Hey! I have been gone for some time, I haven't posted for at least a week, b/c I went on a trip to Wash D.C. and it was really fun, but now it is back to the aquariums!

My concern was water circulation, I know my tank doesn't have enough, due to the modification of my emperor 400 and how it cuts back on circulation. What type of powerhead would you reccomend for circulation in my 55 gallon? What type has everyone tried and had success with? I was thinking a Rio 50 or 100 or something like that... How many GPH would you reccomend just to improve circulation in a 55 gallon? Imagine my tank with the filter on the left (the way you are looking at it) and a powerhead attached to the right wall; do you think that would work? Thanks for any replies!

-Tim


----------



## Rex Grigg (Dec 10, 2002)

I would suggest getting a powerhead that you can attach a DIY spray bar on. That way you could really get some decent overall water movement.


----------



## STAT 007 (Feb 26, 2003)

I recommend undoing the Emperor modification and just readjusting the CO2 bubble rate to compensate. You'd be surprised how little you have to up it to make up for the CO2 loss. I did this and my water circulation is MUCH better. I mean, HOB filters are designed to be able to output the water across the top of the water. If they can't do this, they're just sucking up the water from the back of the tank and outputting it right down the same column (doing nothing).


----------



## IceWish (Mar 29, 2003)

I always thought that the Co2 loss from surface agitation was too much to make up for......and i mean that in a none challenging but enlightening me sort of way..


----------



## SNPiccolo5 (Oct 6, 2002)

Well, I have seen the amount of CO2 that is lost, and the main reason the modification fails to circulate water is that like you said, sucks up the water it puts out. But, if I get water circulating, then some water from the other side will get filtered as well, and I also read that water circulation is much more important in a planted tank than filtering is, which makes sense if you think about it.

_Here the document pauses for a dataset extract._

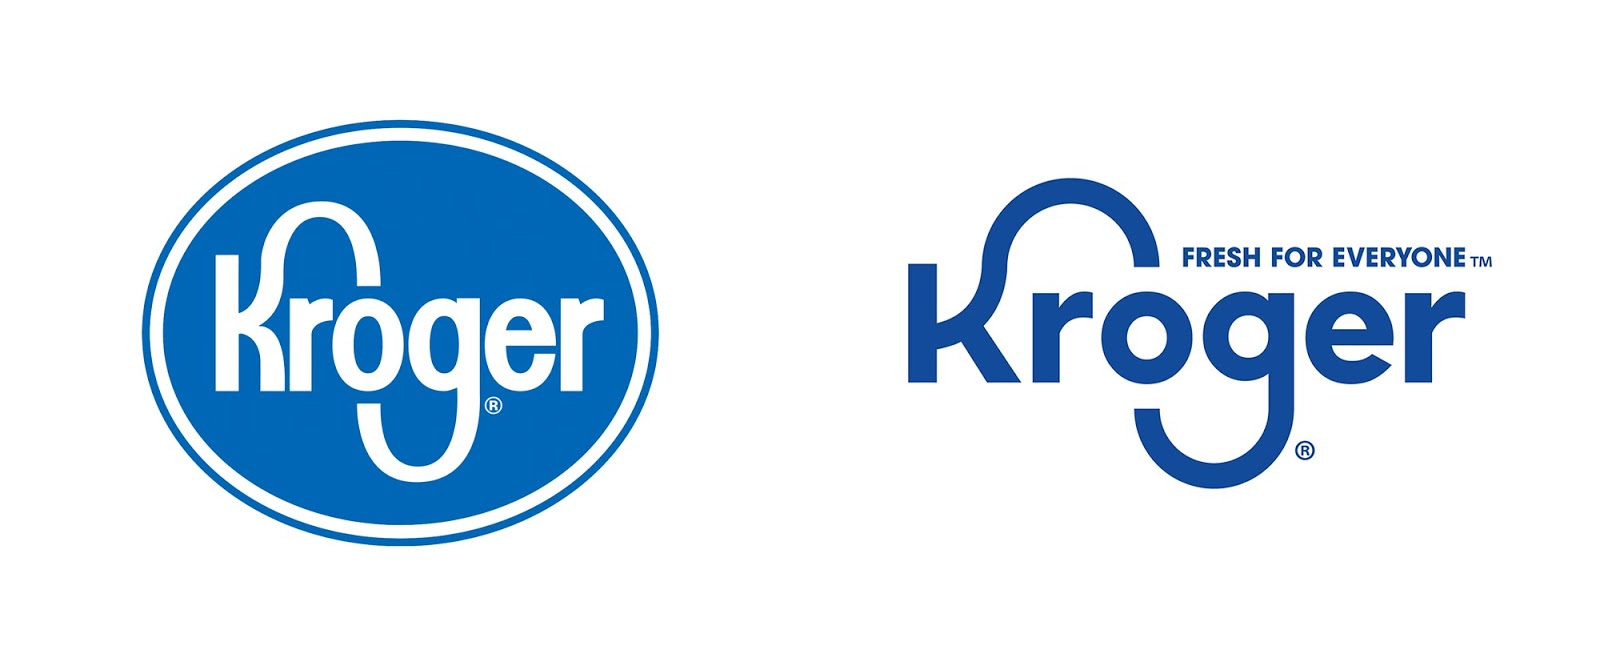 Kroger Redesigned Logo and Introduced Slogan

Rex, do you have any suggestions on which type of DIY spray bar I use? When you say that, is that something that spreads out the water flow to a larger surface area from the small output of a powerhead? I am not the equipment genius when it comes to fish tanks, though this is something I should probably know :roll:. Thanks for the help!

-Tim


----------



## digger (Feb 18, 2003)

Just find a tube that will fit snugly over the output of of the powerhead. Plug the other end and drill several holes along the length.


----------



## SNPiccolo5 (Oct 6, 2002)

Along the lenght of what though?

-Tim


----------



## digger (Feb 18, 2003)

Along the lenght of the tube, along one side of the tube, drill a bunch of holes about 1" apart.


----------



## Momotaro (Feb 21, 2003)

Tim,
I think Digger is telling you to manufacture your own spraybar to attach to the powerhead.


----------



## digger (Feb 18, 2003)

Rex said: 


> I would suggest getting a powerhead that you can attach a DIY spray bar on. That way you could really get some decent overall water movement.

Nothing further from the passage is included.